Chromosomal core gene phylogeny

Building the chromosomal phylogeny involved four main steps: annotating the chromosomes, identifying the core genes, aligning them and building a phylogeny. Initially, all the chromosomes carried a copy of ampC, meaning it was a core gene and would be included in the phylogeny. Since we wanted to manually verify EzClermont phylogroup classifications with the phylogeny and then compare phylogroups to the distribution of ampC gene variants, we excised the ampC sequence from all the chromosomes beforehand to avoid confounding our analysis (see removeGene.py). To identify the core genes (those with ≥98% frequency in the sample), we used Panaroo (v. 1.4.2) with default parameters except --clean-mode sensitive --aligner mafft -a core --core_threshold 0.98⁶². Panaroo also aligned our core genes using MAFFT (v. 7.520; see runPanaroo.sh)⁵⁹. Lastly, we built the core gene maximum-likelihood phylogeny using IQ-Tree (v. 2.3.0) with default parameters except -m GTR + F + I + R4 -keep-ident -B 1000 -mem 10 G using -s core_gene_alignment_filtered.aln from Panaroo (see runIQTREE.sh)⁶³. The substitution model used was general time reversible (GTR) using empirical base frequencies from the alignment (F), allowing for invariant sites (I) and variable rates of substitution (R4).

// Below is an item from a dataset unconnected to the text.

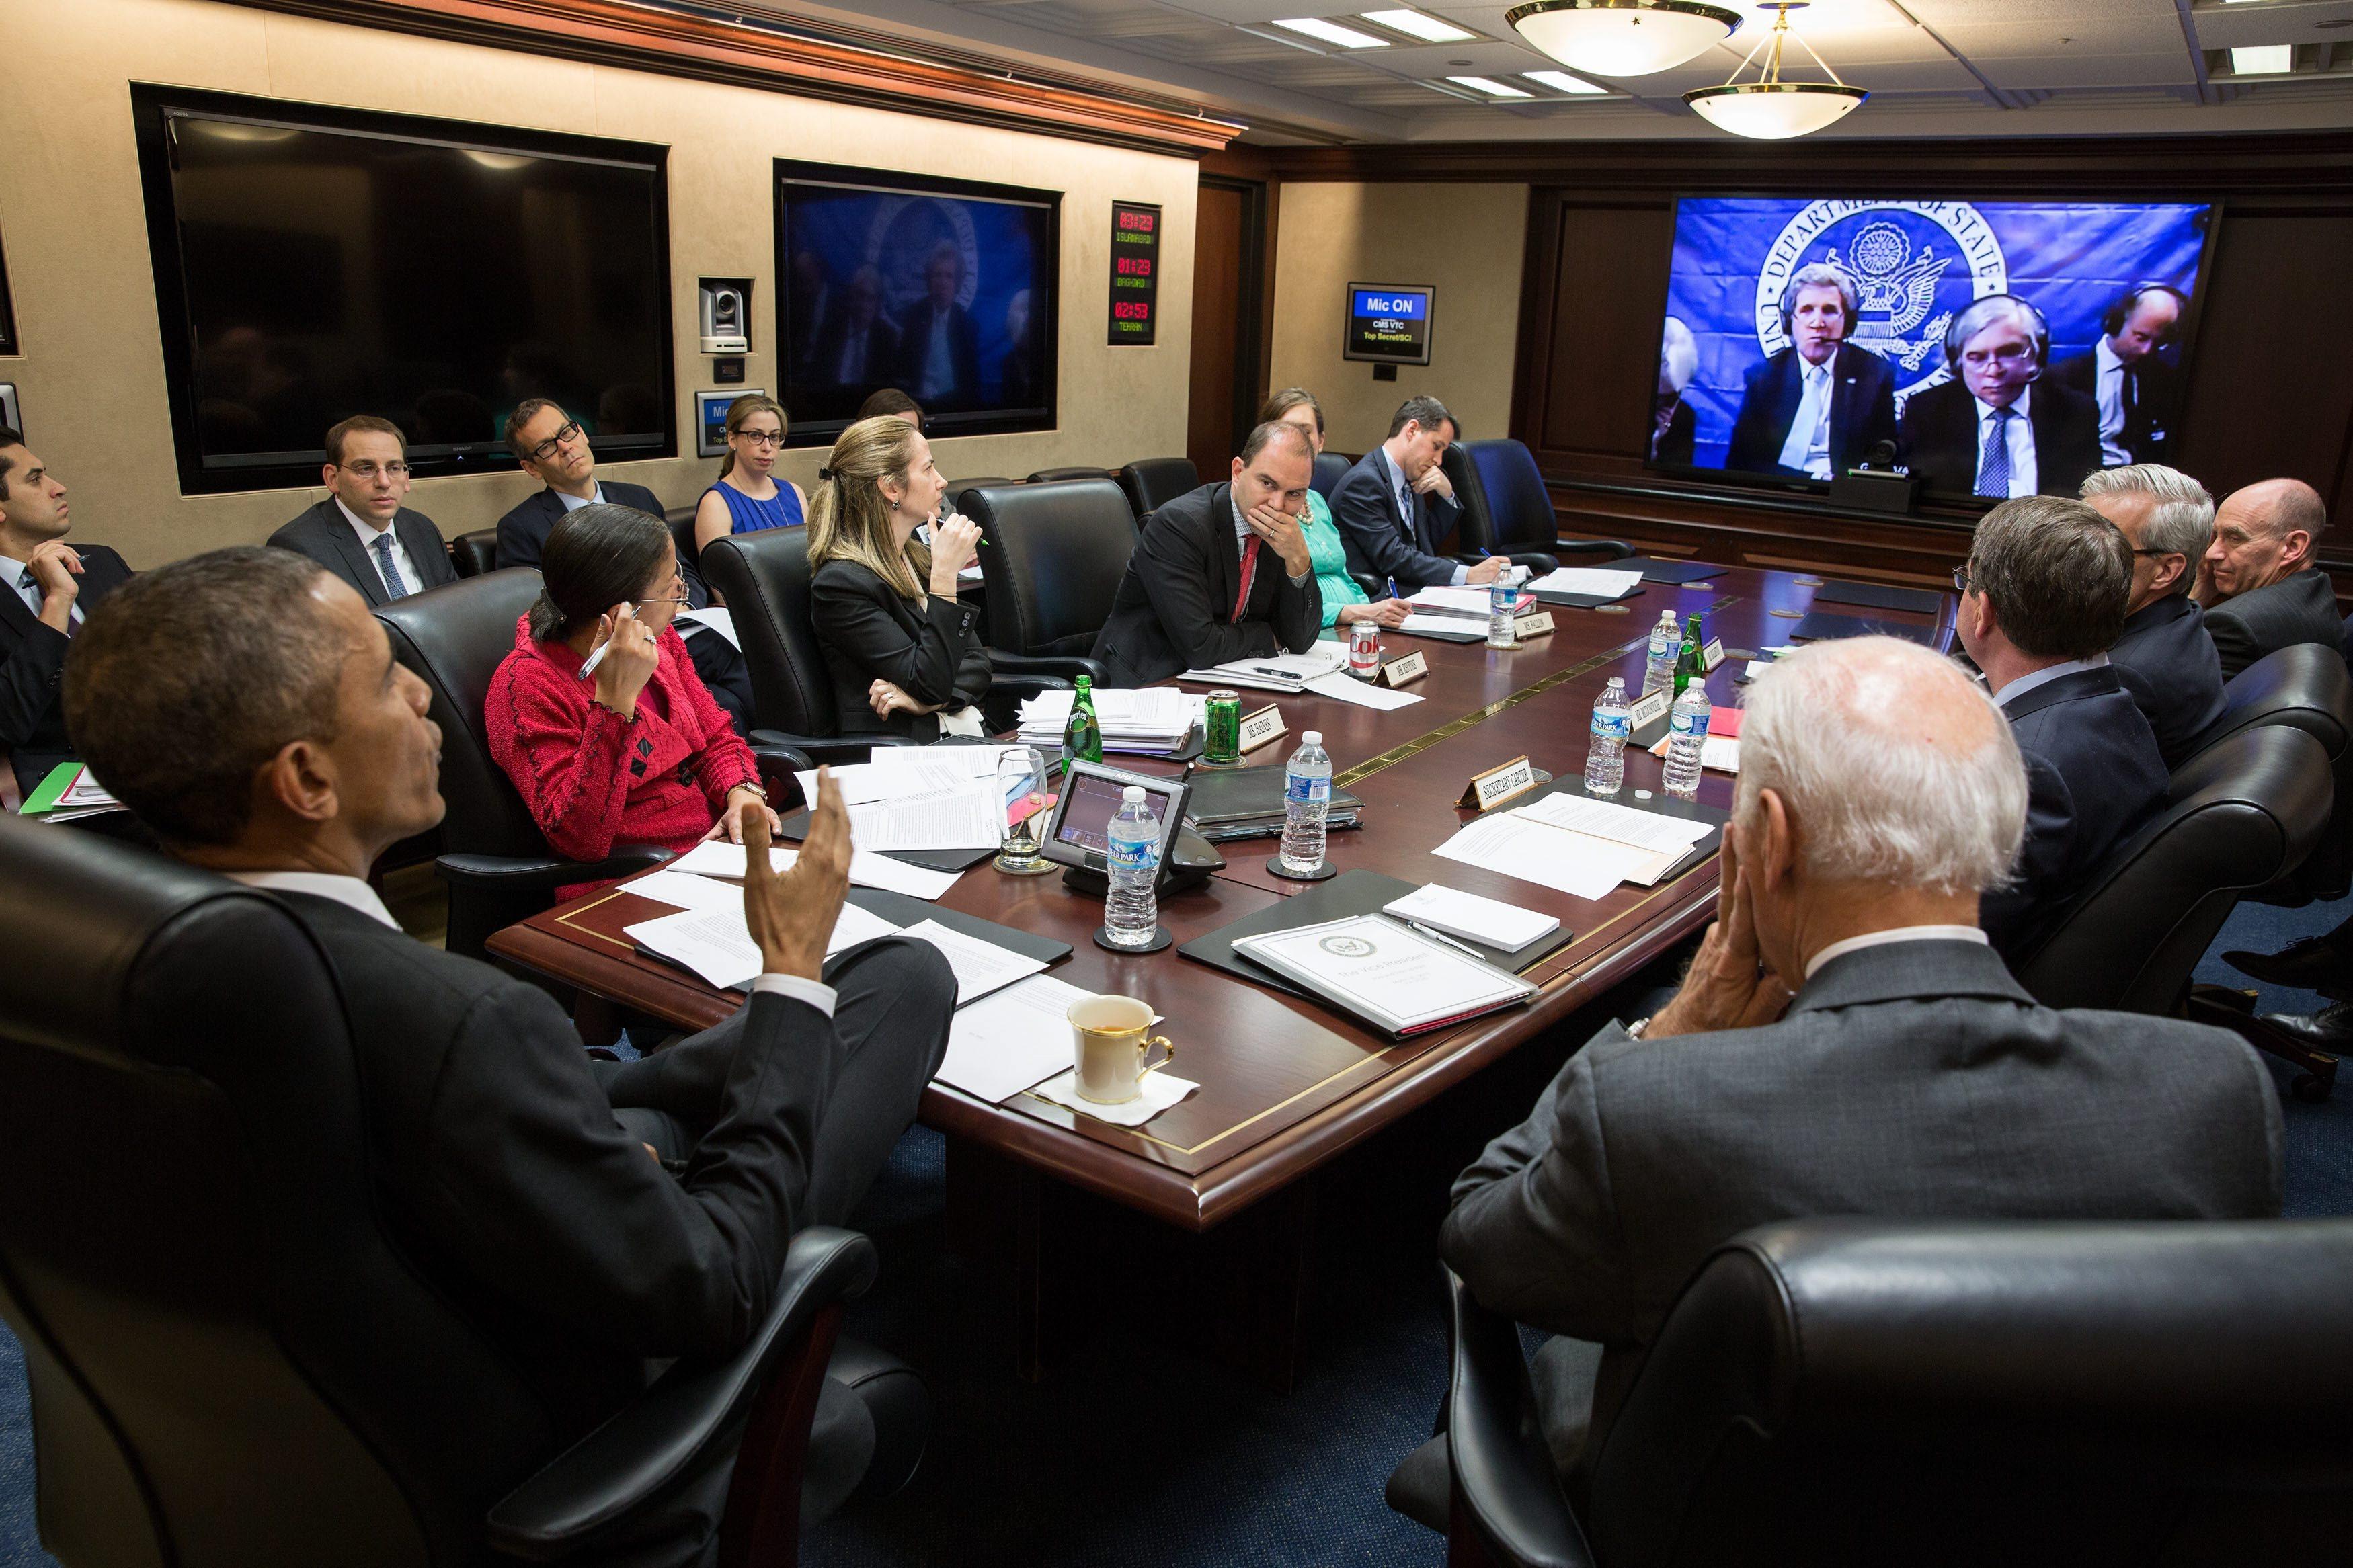 "title:""سحر نوروززاده کیست؟-http://anamnews.com/"" alt:""تیم اوباما در حال کنفرانس ویدیوئی با جان کری """

Intergenic region analysis

For the gene cluster analysis, we used Panaroo (v. 1.5.1) with default parameters except --clean-mode sensitive --merge_paralogs⁶². Running Panaroo with paralog merging is necessary for Piggy, and reduced the overall pangenome size from the previous run. For the intergenic region cluster analysis, we used Piggy (v. 1.5) with default parameters⁶⁴.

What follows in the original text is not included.